JACKSONVILLE, Fla. — Jacksonville Jaguars coach Doug Marrone and executive vice president of football operations Tom Coughlin want a physical offense built around the run game. That’s why they drafted running back Leonard Fournette fourth overall last month.
It doesn’t mean Fournette is automatically going to be installed as the Jaguars’ No. 1 running back, though. He has to earn the right to be the team’s workhorse, Marrone said Saturday.
“Obviously when we made the pick we were thinking about [how] he can be someone like that,” Marrone said after the second day of the team’s three-day rookie minicamp. “Obviously he’s shown that ability, but at the same sense, when you have the team, the one thing about a team is you have to earn that. So he’s going to have to go and show that he has to do that.”
Fournette ran for 3,830 yards and 41 touchdowns in three seasons at LSU. The 6-foot, 228-pounder averaged 6.2 yards per carry and 19.3 carries per game in his career, and his physical running style is a perfect match for the ball-control offense the Jaguars want to run in 2017. Yet he agrees with his coach’s approach that he needs to prove he should be the Jaguars’ top ball carrier.
“My role is to do whatever the team needs or coach asks me to do,” Fournette said. “My role right now is going out there and competing and getting better right now.”
Even so, the expectations for the fourth overall pick are not to share carries with Chris Ivory and T.J. Yeldon. It’s to have the same kind of role that Ezekiel Elliott had with Dallas in 2016 after the Cowboys chose him fourth overall. Not duplicate Elliott’s numbers — he led the NFL in rushing (1,631 yards) while running behind the best offensive line in football — but to be the workhorse.
“I’m not going to automatically say that,” Fournette said. “I have to still learn from the vets. I know T.J., I know Chris. I’ve known them since I was in high school. Just go in there under those guys, learning from them as much as I can.”
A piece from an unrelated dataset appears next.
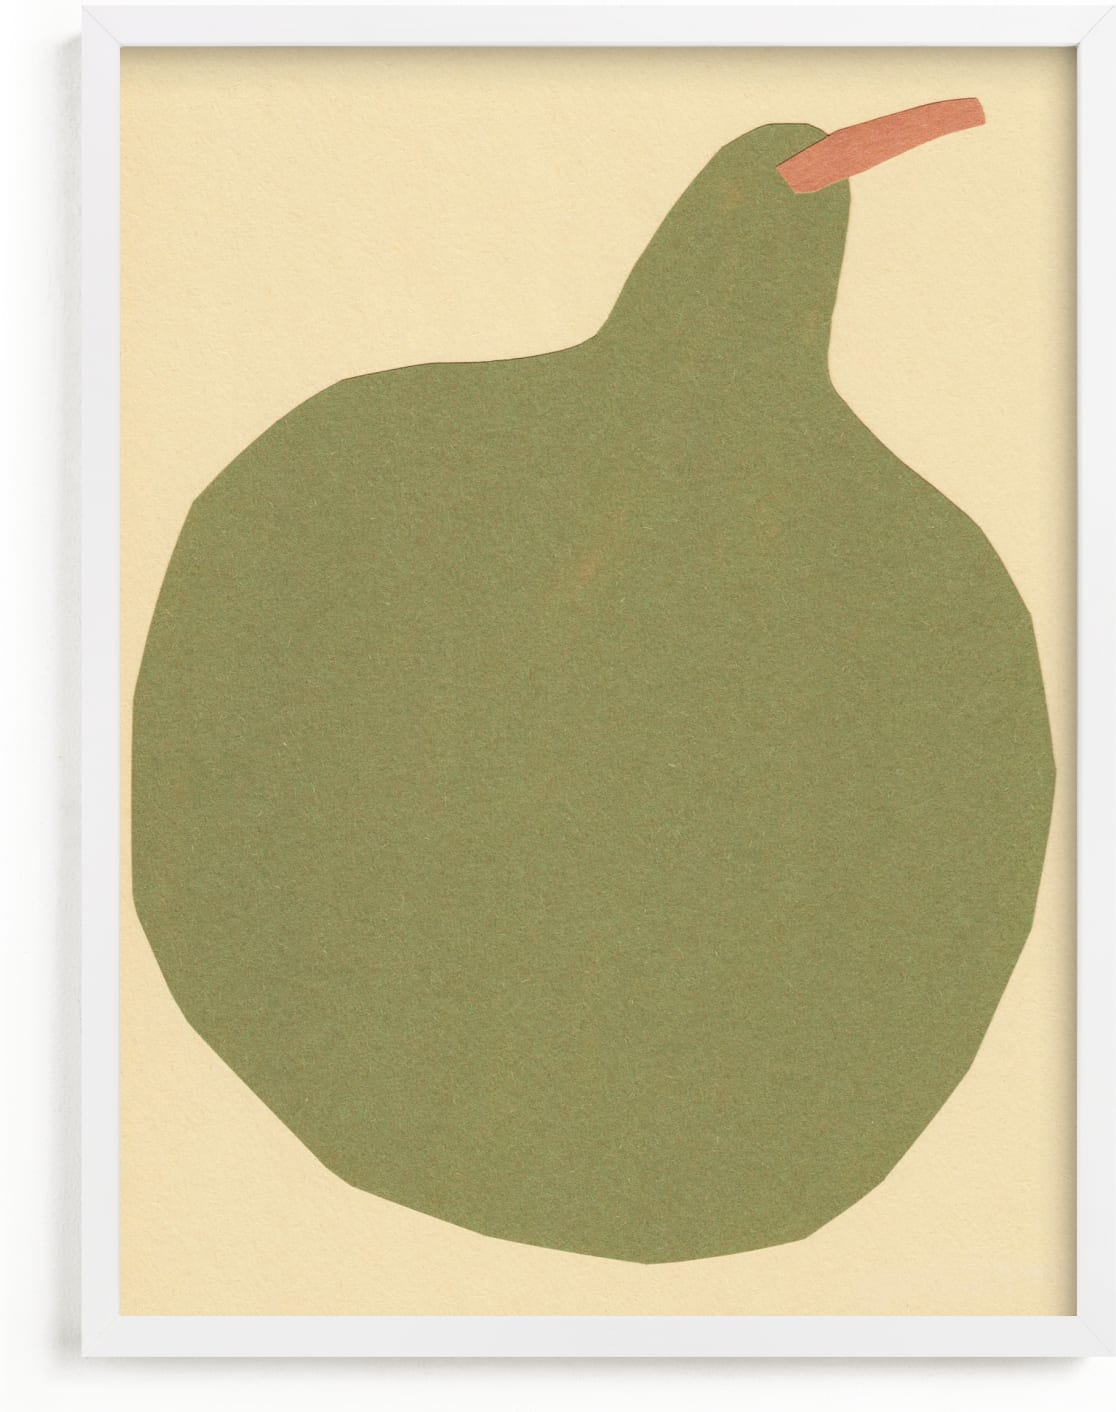 This is a brown art by Elliot Stokes called Big Pear.

The Jaguars have had the NFL’s worst ground game over the past five seasons. Since Maurice Jones-Drew led the league in rushing in 2011, the Jaguars have averaged a league-low 92.1 yards per game. They’ve run for 34 touchdowns (only the Chargers’ 33 are worse), and that includes just 13 in the past two seasons — five of which came from quarterback Blake Bortles.
The Jaguars drafted Yeldon in the second round in 2015, but he has just 1,205 yards and three touchdowns in two seasons. The Jaguars signed Ivory to a five-year, $32 million contract with $10 million guaranteed in March 2016, but he missed five games with injuries, ran for just 439 yards and averaged a career-low 3.8 yards per carry last season.
Fournette is the Jaguars’ best option to revitalize the run game.
“I don’t know that answer right now to the exact percentage of [how much Fournette will touch the ball], but obviously it’s someone that we’re looking for,” Marrone said. “That is our goal offensively, our goal as an organization, to have someone back there that we can do that with. That’s what we’re working and striving for.
“Whether we get there or not, a lot of that is going to be what the player earns.”